Hermann Weyl was one of the most influential mathematicians in the twentieth century. Born in North Germany, he worked for many years in Zürich and later moved to the Institute of Advanced Study in Princeton.

He was a colleague of Einstein in both places, and his book on Symmetry is a classic. This slim volume was a stimulus to me when I wrote my book.

This may seem an odd choice, but as a maths popularizer I need to know all that I can about why some people find the main elements of the subject so difficult. I found Doug French's book exceptionally helpful in this respect, even though it is aimed principally at high school teachers. This is partly because he focuses throughout on the most important mathematical ideas and difficulties. Moreover, the scope is wider than the title suggests, for he also ventures imaginatively into both geometry and calculus.

This book is full of beautiful puzzles on a mathematical topic called pursuit evasion. Its author Paul Nahin has written tens of books in physics and mathematics.

Nahin's writing can be described as a captivating reading experience pulling readers into his world like a whirlpool. His appreciation of mathematics, physics, and the people who discover them is unmatchable. It seems like the physics of motion and the mathematics of calculus is inseparable, as can be witnessed in the book.

The calculus used in this book is heavy. Nevertheless, Nahin makes his readers fall in love with this big beast. Almost every puzzle in this book is aesthetically beautiful and gives readers a deep sense of satisfaction. My favorites include Lady in the Lake, and Lion and Man.

This book has haunted me for years. For what is it, exactly, that gives it such enduring popularity? After all, it was first published in 1936, yet is still in print today. In his autobiography, Hogben remarks on the importance of eye-catching illustrations but speculates that its success may instead be because the book contains – most unusually for a 'popular' work – exercises and answers, making it more suitable for self-teaching. Whatever the real answer, his book must surely have something to teach anyone – like myself – who aspires to bring mainstream mathematics to life for the general public.

One of the friendliest routes into mathematics, for many people, is its history. In math, unlike many sciences, ideas last indefinitely. Pythagoras’s Theorem is about 4,000 years old, understood in ancient Babylon a thousand years before Pythagoras was born. It was true then, and it is still true today. The history of math tells of the construction of a towering edifice, with each new level built on top of the previous ones. There are many histories of mathematics, but none quite like this one. The author is a much-loved English TV personality, famous for his enthusiasm for math and his ability to make it entertaining for children of all ages. His book is a rollicking yarn, a wild ride that nonetheless remains true to its subject.

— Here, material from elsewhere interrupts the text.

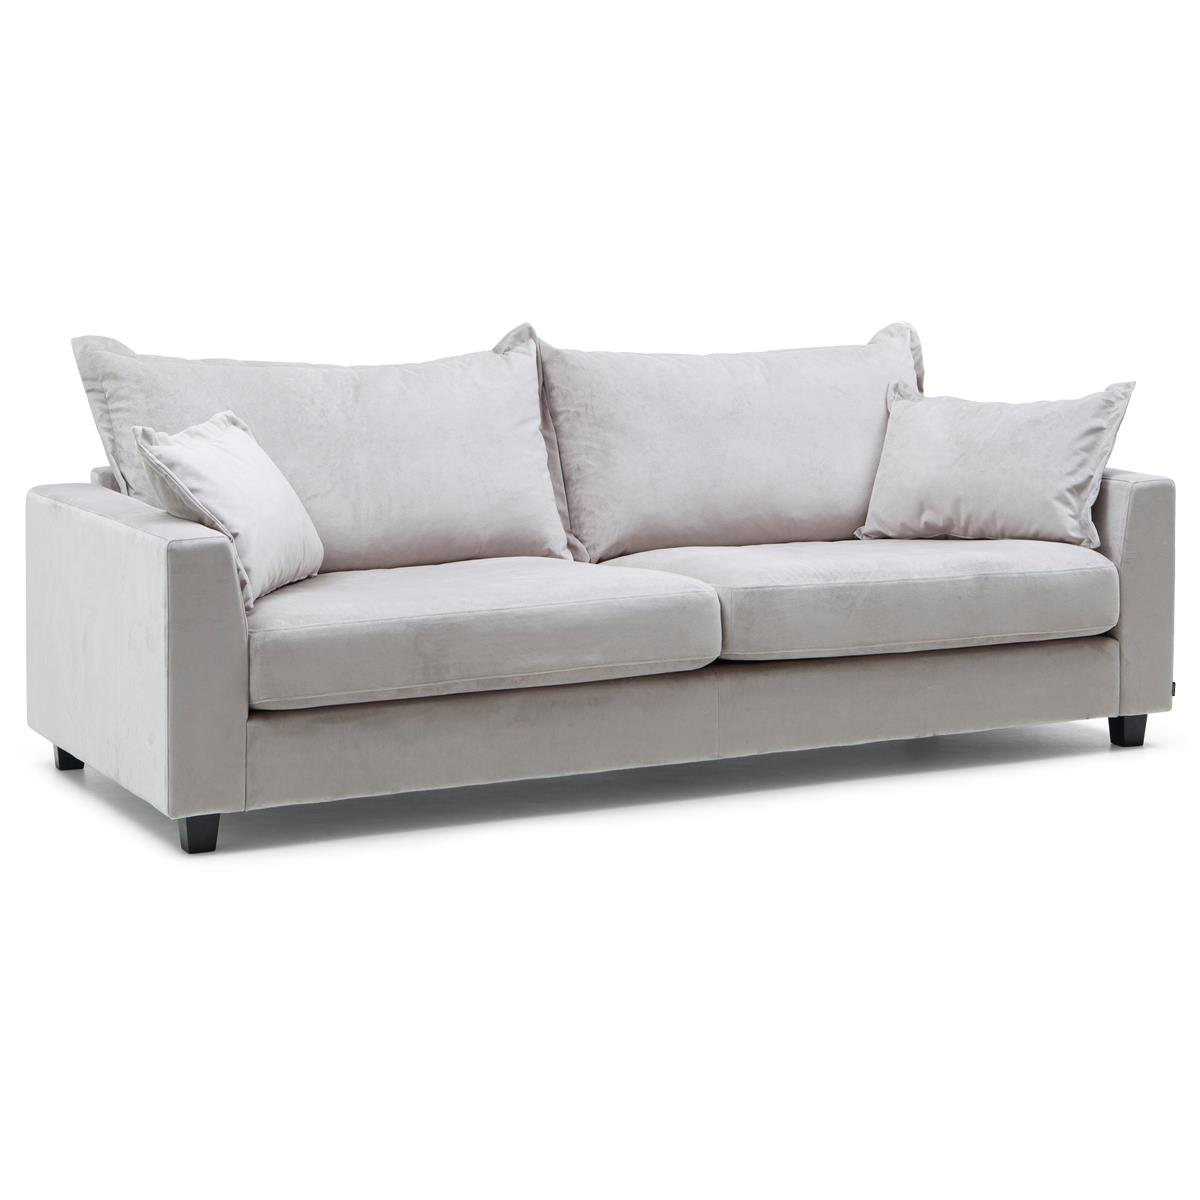 Louise soffa 3-sits meda silver vinkel

Polya was a great mathematician who knew what counted (after all, he made major contributions to combinatorics, the mathematics of counting). He thought hard about what he was doing when working on problems in mathematics, developing a mental process that lead to creative breakthroughs and solutions. Polya’s problem-solving method is broadly applicable to domains other than mathematics, and this book features many nice puzzles to improve your thinking.

Algorithm design is challenging because it often requires flashes of sudden insight which seem to come out of the blue. But there is a way of thinking about problems that make such flashes more likely to happen. I try to teach this thought process in my books, but Polya got there first.

This is a mathematics textbook unlike any other you have encountered before. Remarkably, there are no numbers—only structures, patterns, and arrows.

However, this book is not designed to teach you how to construct proofs. Instead, it offers a fascinating introduction to a new way of thinking mathematically.